Almost no one in the United States knew Kivalina before the climate crisis made the village impossible to ignore. Located on a narrow strip of sand in the Bering Sea, Alaska, the Inuit community of 400 people had lived for generations from hunting and fishing in a balance maintained by the thick ice that protected the coast from storms. In the last two decades, this balance began to disappear. The dramatic retreat of Arctic ice exposed the strip of sand to the power of autumn and winter storms, which progressively reduced the village’s territory, necessitating a mega project, according to a report by Stephen Sackur published by the BBC in July 2013.

A mega relocation project was considered the only viable solution. The American government estimated that relocating the residents of Kivalina to another location would cost up to US$ 400 million, an amount that includes the construction of roads, houses, and a school in an extremely difficult-to-access region. At the time of the BBC report, there was no indication that this money would come from public fundsAmerican Army engineers had already predicted that Kivalina would be uninhabitable by 2025. The date has passed. The discussion about who pays for the relocation continues.

A strip of sand held in place by ice

The Inuit village of Kivalina, Alaska, is being swallowed by the sea with the retreat of Arctic ice. The mega relocation project could cost up to US$ 400 million without defined funding.
Kivalina did not appear on the country’s maps, too small to deserve prominence in a continental nation.

But the geography that made the village invisible on maps also explained its vulnerability: a narrow strip of sand in the Bering Sea, with no natural protection other than the layer of ice that formed in the fall and remained until the end of winter.

This ice functioned as a buffer between the coast and the storms, absorbing the force of the waves before they reached the land.

With the accelerated retreat of Arctic ice in recent decades, this buffer ceased to exist at critical moments.

The autumn and winter storms, which previously encountered the ice as the first barrier, began to hit the coast directly. Erosion accelerated.

The strip of sand shrank. In 2008, American Army engineers built a wall along the beach to try to stop the advance of the water, but according to the BBC report, the measure only worked as a palliative.

A particularly violent storm two years before the report forced an emergency evacuation of the entire community.

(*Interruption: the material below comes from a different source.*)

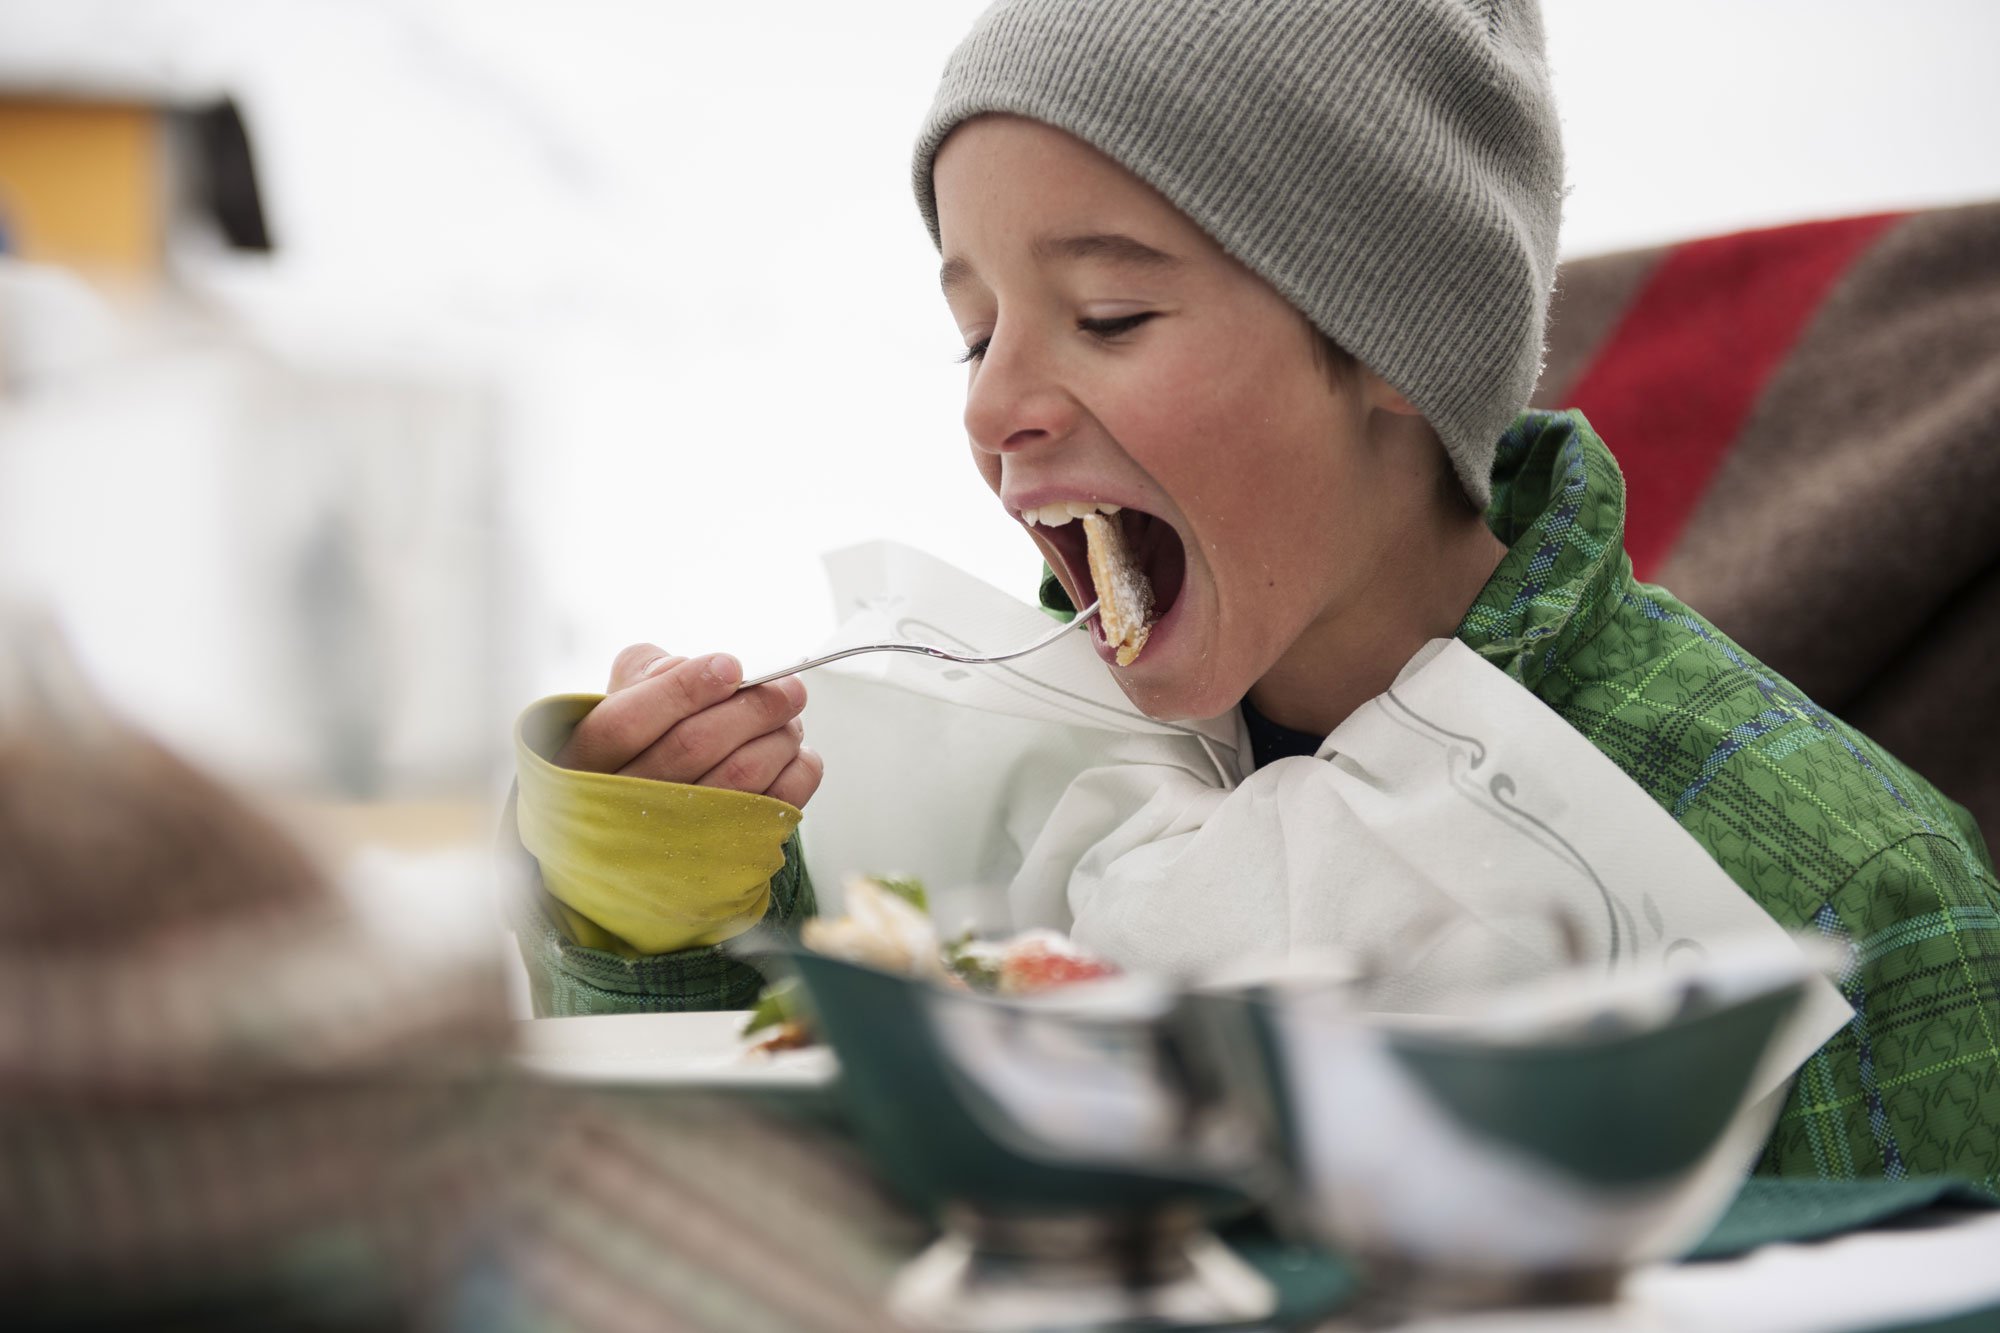 Skiing makes hungry. A young winter sportsmen enjoys his 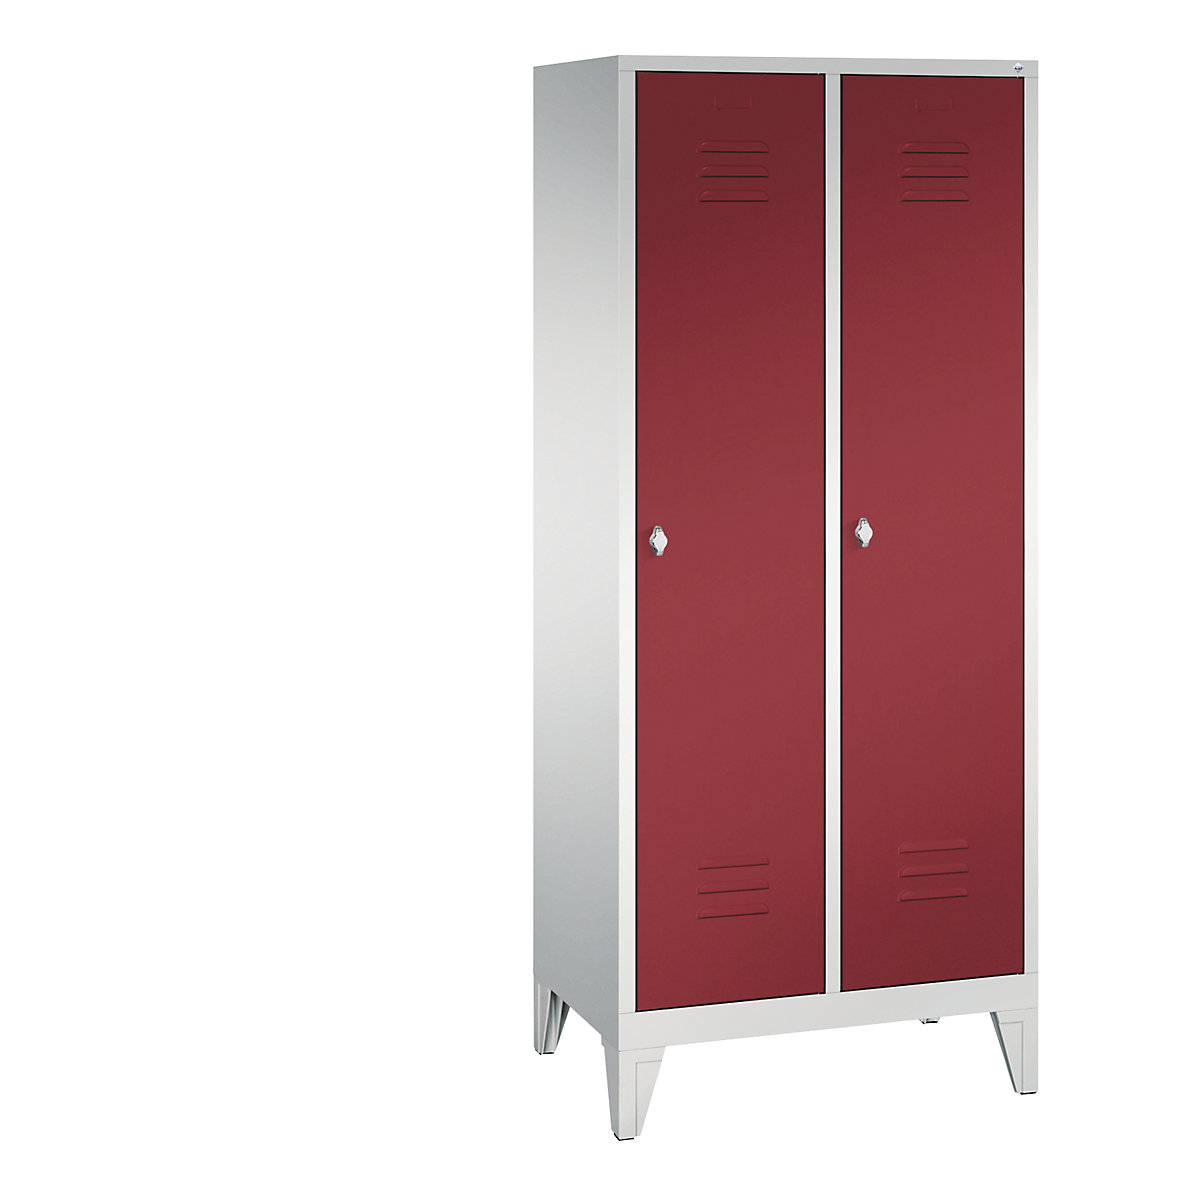 CLASSIC cloakroom locker with feet – C+P, 2 compartments, compartment width 400 mm, light grey / ruby red-5

The American Arctic is warming twice as fast

The Inuit village of Kivalina, Alaska, is being swallowed by the sea with the retreat of Arctic ice. The mega relocation project could cost up to $400 million without defined funding.
Kivalina is not an isolated case.

Temperature records show that the Arctic region of Alaska is warming at a rate twice as fast as the rest of the United States, according to data cited by the BBC.

Besides Kivalina, three other Inuit settlements faced imminent destruction at the time of the report, and another eight were at serious risk.

The pattern is the same in all: ice retreat, rising sea levels, and coastal erosion combined into a pressure that the communities cannot withstand alone.

In Barrow, the northernmost city in American territory and closer to the North Pole than to Washington, the impact manifested differently.

The bowhead whale and seal hunters, belonging to the Inupiat tribe, reported that the ice had started to melt and break in March, then refroze, but it was so thin and unstable that the hunting boats could not be placed on it.

The hunting season was lost. Herman Ahsoak, one of the most experienced whaling captains in the city, told the BBC that the ice used to be 3 meters thick in winter and had reduced to just over one meter.

For the first time in decades, no bowhead whales were captured in Barrow that year.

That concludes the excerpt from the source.